I’m still quite busy with paid work (you can see some of the petitions I’ve been transcribing at British History Online) but I’ve just found time to update the wiki this week. To test the data structures for manuscript texts, I’ve imported a few hundred pay warrants and receipts created by the Army Committee in 1645 and 1646. The Army Committee was a committee of MPs chaired by Robert Scawen, which handled administration and supply for the New Model Army. The warrants and receipts that I’ve imported today are all for buying horses, saddles, and harness. The data originally came from my PhD research but I’ve checked everything against the original documents at Kew and corrected some errors (although I was relieved to find that most of my notes were accurate).

Some examples:

I think I’m now satisfied with the data structures for manuscript texts. I still need to test manuscripts that are divided into sections. After that I want to finish importing authors so I can test books, articles, journals and theses at a bigger scale.

Brief update

This is just a quick roundup of changes to the wiki since the last post in August.

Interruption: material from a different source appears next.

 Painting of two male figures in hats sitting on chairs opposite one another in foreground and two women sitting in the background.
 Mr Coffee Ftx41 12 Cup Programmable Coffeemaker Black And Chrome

  • there are now pages for every regiment of the New Model Army in the First Civil War.
  • there are pages for every meeting of the Short Parliament, linked to the location where it was held, and proceedings at British History Online:
  • you can now search events by date again. It should work properly now, and there’s an option to limit it to specific types of event.
  • search suggestions in the main search box (at the top of every page) now have accent folding as well as case folding, so if you type a character without an accent, such as e, it will also match accented versions of that character, such as é. This makes Gaelic and Welsh names easier to find. For example, if you type ‘sir fon’ it will match ‘Sir Fôn’. To do this I had to hack the TitleKey extension myself, but it was easier than installing ElasticSearch.
  • some more properties have been removed to simplify the data structures:
    • ‘Addressed from’ because there are many documents it doesn’t apply to, the way I tried to use it was too inconsistent, and ‘Mentions’ is good enough for record linkage.
    • ‘Received on date’ as it’s only known in a minority of cases.
    • ‘Has ARCHON ID’ because Wikidata ID and a link to an archive’s own website do everything that is needed.
  • there are pages for a couple of particularly useful books. If you drill down from work level there are links to scans at the Internet Archive:

The next thing I want to do is test manuscript texts on a bigger scale. I have some data from my PhD research for warrants paying for horses and saddles for the New Model Army, but I found some anomalies in the data that will need checking against the originals next time I’m at Kew (probably next week). Once I’ve done that, I should be satisfied enough with the data structures that I can start really big imports. I’m already working on data for about 1,000 authors and 1,600 peers and MPs. The method that I used for meetings of the Short Parliament will scale up to the Long Parliament and Protectorate Parliaments quite easily, so I may as well get that done as soon as I can. In practice I might not be able to start these big imports until the end of the year because I’m likely to be busy with paid work, but the wiki should move up to another level and become much more useful next year.

More changes

This week I’ve finished a big overhaul of the wiki. Changes include:

  • there’s now an external identifier for the The Scotland, Scandinavia and Northern European Biographical Database (SSNE). This free to view database created by Steve Murdoch and Alexia Grosjean is a very important source for the earlier careers of many civil war officers.
  • there’s a simple entity to represent blank pages in a manuscript. This is easier to use and less cumbersome than using the full data structures designed for manuscript texts or sections.
  • behind the scenes, some of the properties have been simplified. This won’t make any noticeable difference at the front end but it does affect the RDF output and writing custom queries.
  • documentation on property pages should all be up to date now.
  • battles and sieges have been overhauled yet again, and I think I’m finally satisfied. More details of this below.

Continue reading

Cataloguing SP 28

Lots of people who have researched the British Civil Wars will know of SP 28, also known as the Commonwealth Exchequer Papers, in The UK National Archives. It’s a very important, and mostly quite poorly catalogued, collection of financial records of the parliamentarian and Protectorate war effort. One of the main aims of this project is to gradually catalogue and index SP 28. I’ve now started importing catalogue data into the wiki.

Continue reading

Battles and sieges overhauled

In the last post, I said that I was planning to change the data structures and page layouts for battles and sieges. I’ve now done that, which means you can:

  • view a map of all battles and sieges that have pages on the wiki and coordinates entered on their pages.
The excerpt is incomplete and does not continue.